Water is definitely very changeable. Rivers got diverted a lot, most notably on the east side of Taipei (near Neihu and Songshan districts) the Keelung river was straightened up, but the roads can still mirror the old path. Other rivers (or channels?) got covered up, and now only live on as roads – though I guess they might still flow under our feet (just like Fleet Street)? Some more dramatic change is an entire missing island in Danshui, I wonder what happened to it? Lakes change too, mostly I guess due to development around them (like in Zuoying). The sea shore is different for the many cities, as probably they were developed and also the shallows were naturally filled by the rivers (like in Hsinchu and in Tainan). Harbors don’t stay the same either (like in Penghu).
Some landmarks such as shrines have changed too. The most notable I could find so far is in Taipei / Yuanshan, where the current Grand Hotel / 圓山大飯店 replaced a shrine in 1952 (yellow rooftop on the left below), while the Taipei Martyrs’ Shrine seems to be built on the site of another previous shrine in 1969 (yellow rooftop and cross-shaped grounds on the right below). On the map there’s another temple-complex looking structure in between them, that’s now the Taipei American Club and the International Community Radio Taipei (ICRT).
Race courses disappeared too – together with the cavalry, I guess (like in Tainan).
I’m sure there are a bunch of other things too, it will take some time to discover and understand things…
The legends and information on the maps was pretty interesting. For example here’s the coverage map for Taipei / Taihoku, showing what aerial maps they stitched together, and when were the flights that took the photos:
The Internet also taught me a few things, such as this very insightful comment on Reddit that traced back the Chinese / Japanese city names of these maps.
I was also amazed by how detailed information the Americans had about the functions of the buildings – down to the type of factories, the type schools the buildings were. I would not be surprised if the maps were supplemented by some real intelligence from the ground.

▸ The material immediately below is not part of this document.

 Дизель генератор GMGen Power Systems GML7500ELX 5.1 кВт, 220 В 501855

Especially likely as the big cities had so much more such details than the smaller locations (where there might not be more than a few likely military installations noted). I wonder if there’s any good source to learn about this – about American intelligence behind enemy lines in the Pacific theatre of WWII.
To the Future
Now that everything kinda works, I think I’ll spend more time looking at the maps instead of working with them, try to learn more.

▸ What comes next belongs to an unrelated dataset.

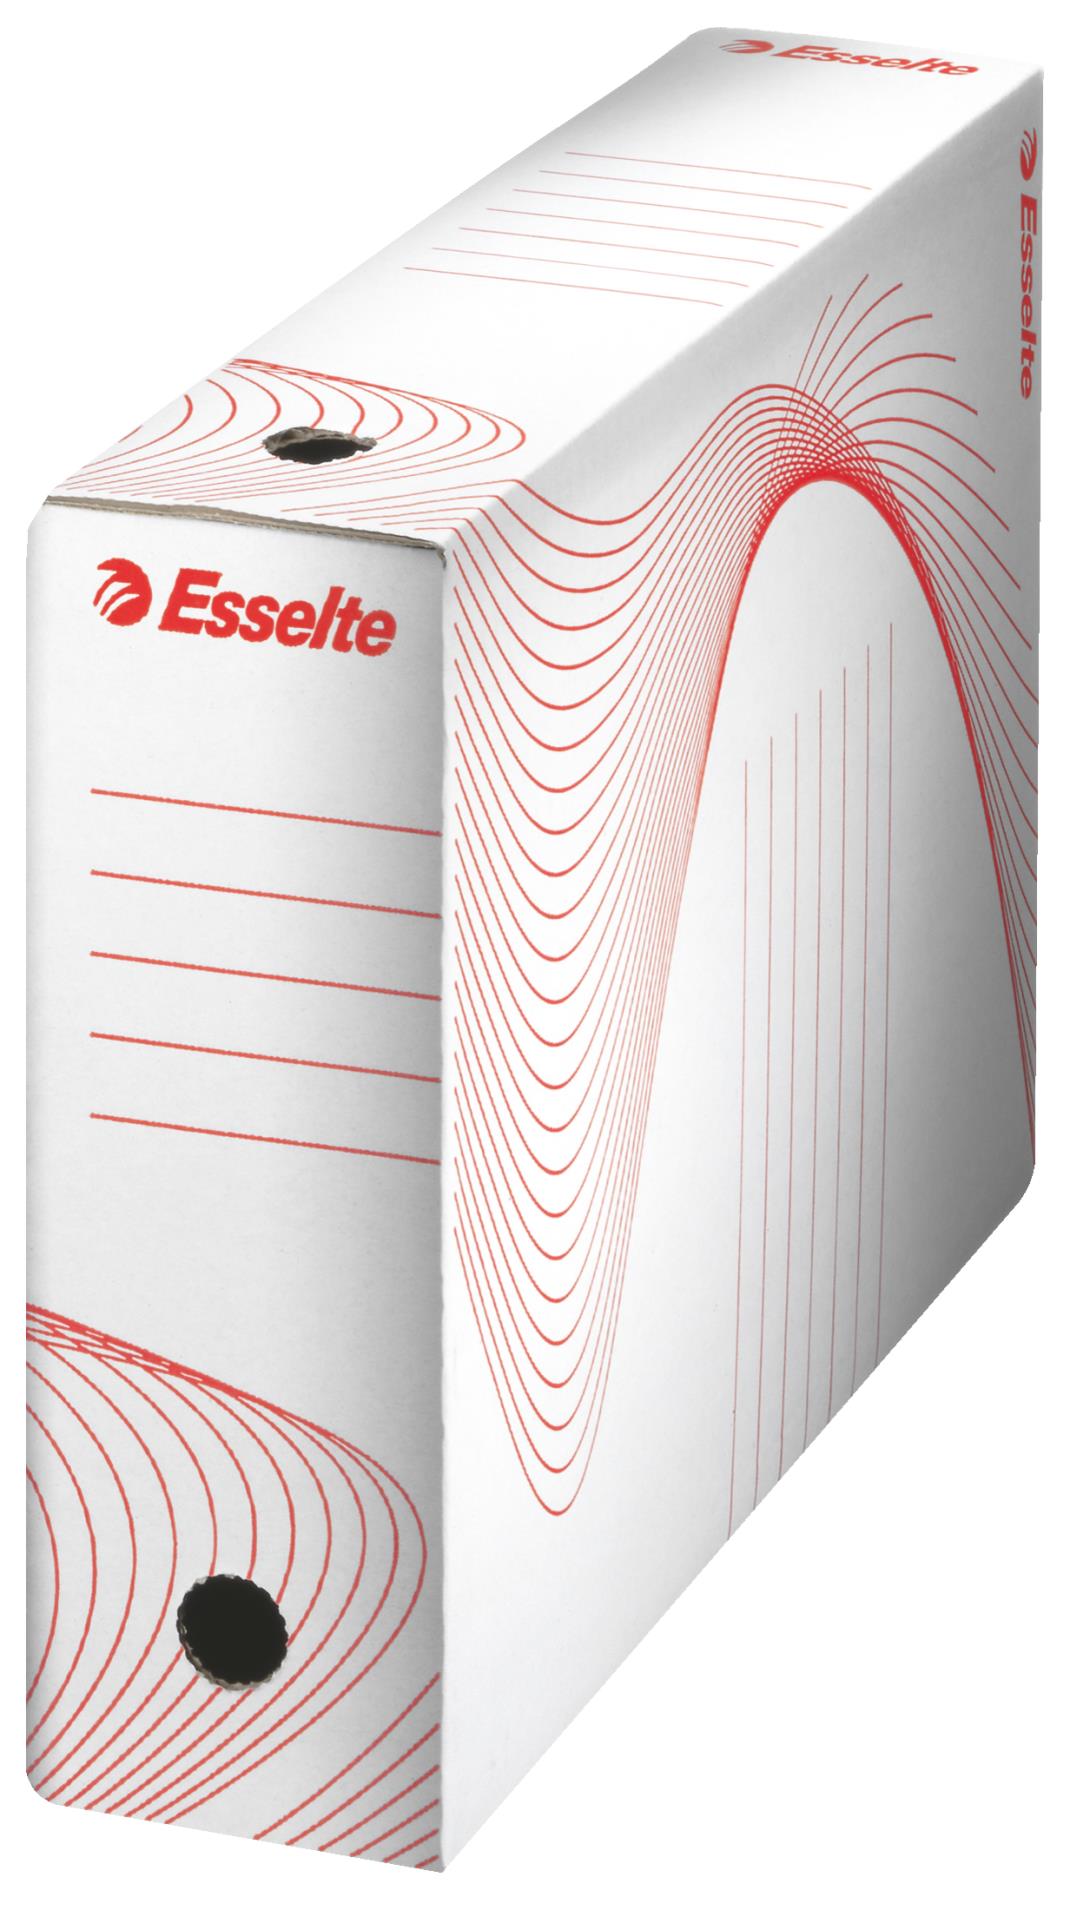 Archivační krabice Esselte - 10,0 x 24,5 x 34,5 cm, bílá

Hosting this project on Github is definitely pretty easy and convenient, though I start to see that their speed is not necessarily very good for big assets like the map images. Could add Cloudfront very easily to speed things up, just I don’t necessarily want to pay for that extra speed just yet. :P
To be able to show the loading animation I currently need to use jQuery to preload the image, then rely on the browser caching to not to download the image for the second time when the image is attached to the map object to create the overlay. It works pretty well… except in the Facebook Android app’s built in browser – that happily ignores caching and downloads the image twice (ouch). Would be awesome to figure out how can I get directly from the Google Map API when it finished downloading the image.
Might revisit a couple of the maps to see if I can improve the fit, though really just a couple of them, most are totally fine for their quality. Should also add the Japanese writing of the city names for more authenticity and discoverability.
And in the meantime, keep checking the map, and any comment or feedback is appreciated! A big thanks to the University of Texas Libraries and the Perry-Castañeda Library Map Collection for the public domain maps!